Во время основного блюда, жаркого из свинины, Гермиона сидела неестественно прямо, Гарри закатывал глаза, а Рон бросал свирепые взгляды. Как будто этого было мало, Джинни вежливо улыбалась, что пугало меня гораздо больше. На не иссякающий поток пустой Ромильдиной болтовни мама отвечала сквозь стиснутые зубы.
Посередине разговора папа сказал: “Джордж, нам надо поговорить”.
Я понял, что у меня проблемы. Когда недовольна мама, это одно. Но когда папа – на это нельзя не обращать внимания. Так повелось ещё со времён того Непреложного обета и весьма болезненной расплаты за него.
Заткнуть Ромильду было невозможно; она обладала поистине носорожьей шкурой. Ромильда так и фонтанировала бизнес-идеями для меня. Она непременно поможет мне полностью раскрыть свой потенциал и достичь абсолютного успеха. Она именно то, что мне нужно. Это раздражало, и, увы, всё становилось только хуже. Ромильда советовала Флёр, как ухаживать за собой; наставляла маму в кулинарии, поучала Гермиону насчёт причёсок и раздавала Джинни рекомендации по квиддичу. Последнее привело к кульминации обеденного представления – Джинни чётко дала понять, что ни в каких инструкциях она не нуждается.
– Тебе стоит тренироваться с меньшими кольцами, учиться попадать в маленькие мишени, – сказала Ромильда.
Джинни сидела на противоположном краю стола. Она тут же взмахнула вилкой с брюквенным пюре и зашвырнула его точно в центр декольте Ромильды. Ни папа, ни мама не сделали Джинни замечания, а Перси и Одри так и покатились со смеху. Если до этого и были хоть какие-то сомнения в непопулярности Ромильды (но их и не было), то в этот момент они развеялись окончательно. К сожалению, Ромильда осталась полностью равнодушной, продемонстрировав ещё и явно завышенные представления о размере своей груди.

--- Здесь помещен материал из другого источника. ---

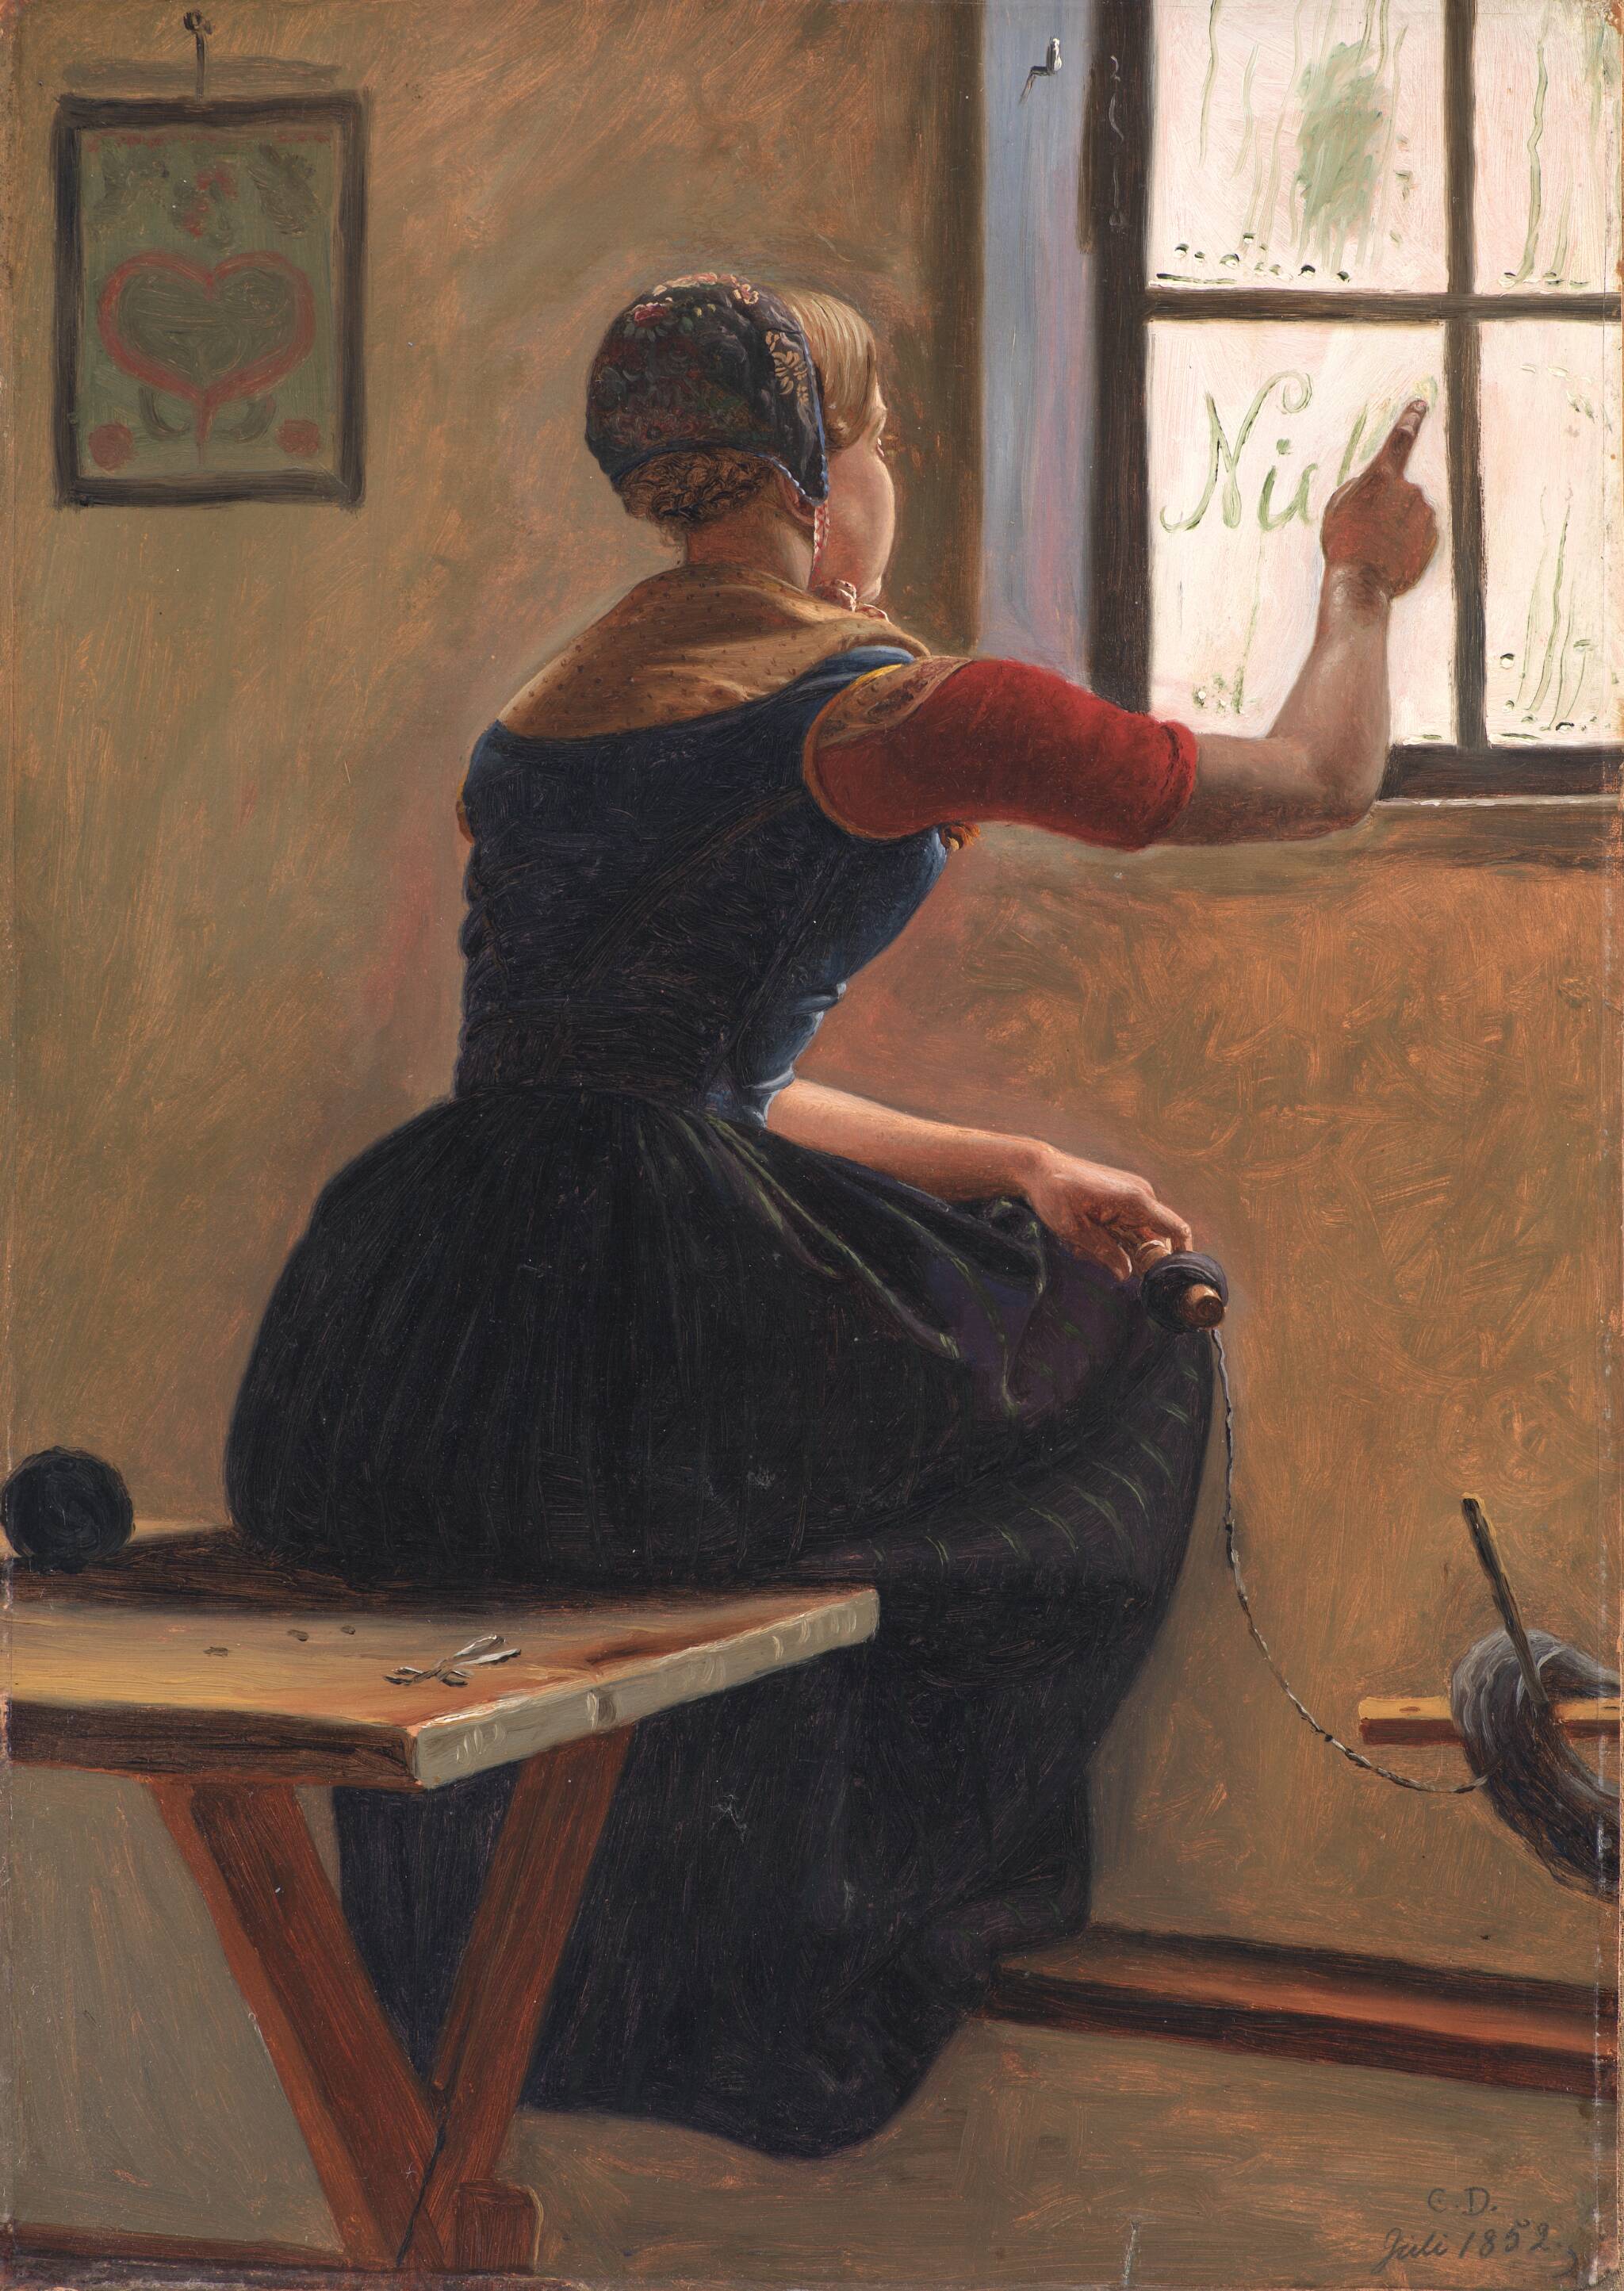 Jutská dívka píše jméno svého milého na zamlžené okno by Christen Dalsgaard - 1852 - 44,5 x 31,5 cm

– Очень смешно, Джинни, – проговорила Ромильда тоном усталой матери, обращающейся к непослушному ребёнку, – но тебе стоит выбирать мишени поменьше. При этом Ромильда посмотрела прямо на Гермиону. После такого, учитывая предыдущий комментарий Ромильды о Гермиониных волосах, Гарри и Гермионе пришлось силой удерживать Рона. Я понимал, что придётся уйти пораньше. Было ясно и то, что если я куда-нибудь дену Ромильду и вернусь, получу от всех нагоняи за испорченный обед и буду вынужден объясняться с отцом.
Самая большая мамина слабость – её терпимость к гостям; членам семьи (включая Флёр, Гарри и Гермиону, но, несмотря на кольцо, не Одри, пока что) никогда не было бы позволено вести себя как Ромильда. Когда мама убирала десертные тарелки, Ромильда достигла пика, разъясняя Перси и Одри все тонкости неудачной политики Министерства. Мне не удалось заставить её замолчать достаточно быстро. Билл и Флёр немедленно собрались и покинули дом, заявив, что Виктория очень устала. В этот момент я потерял последнюю долю симпатии мамы, которую она ещё сохраняла для меня. Её единственную внучку увезли по моей вине.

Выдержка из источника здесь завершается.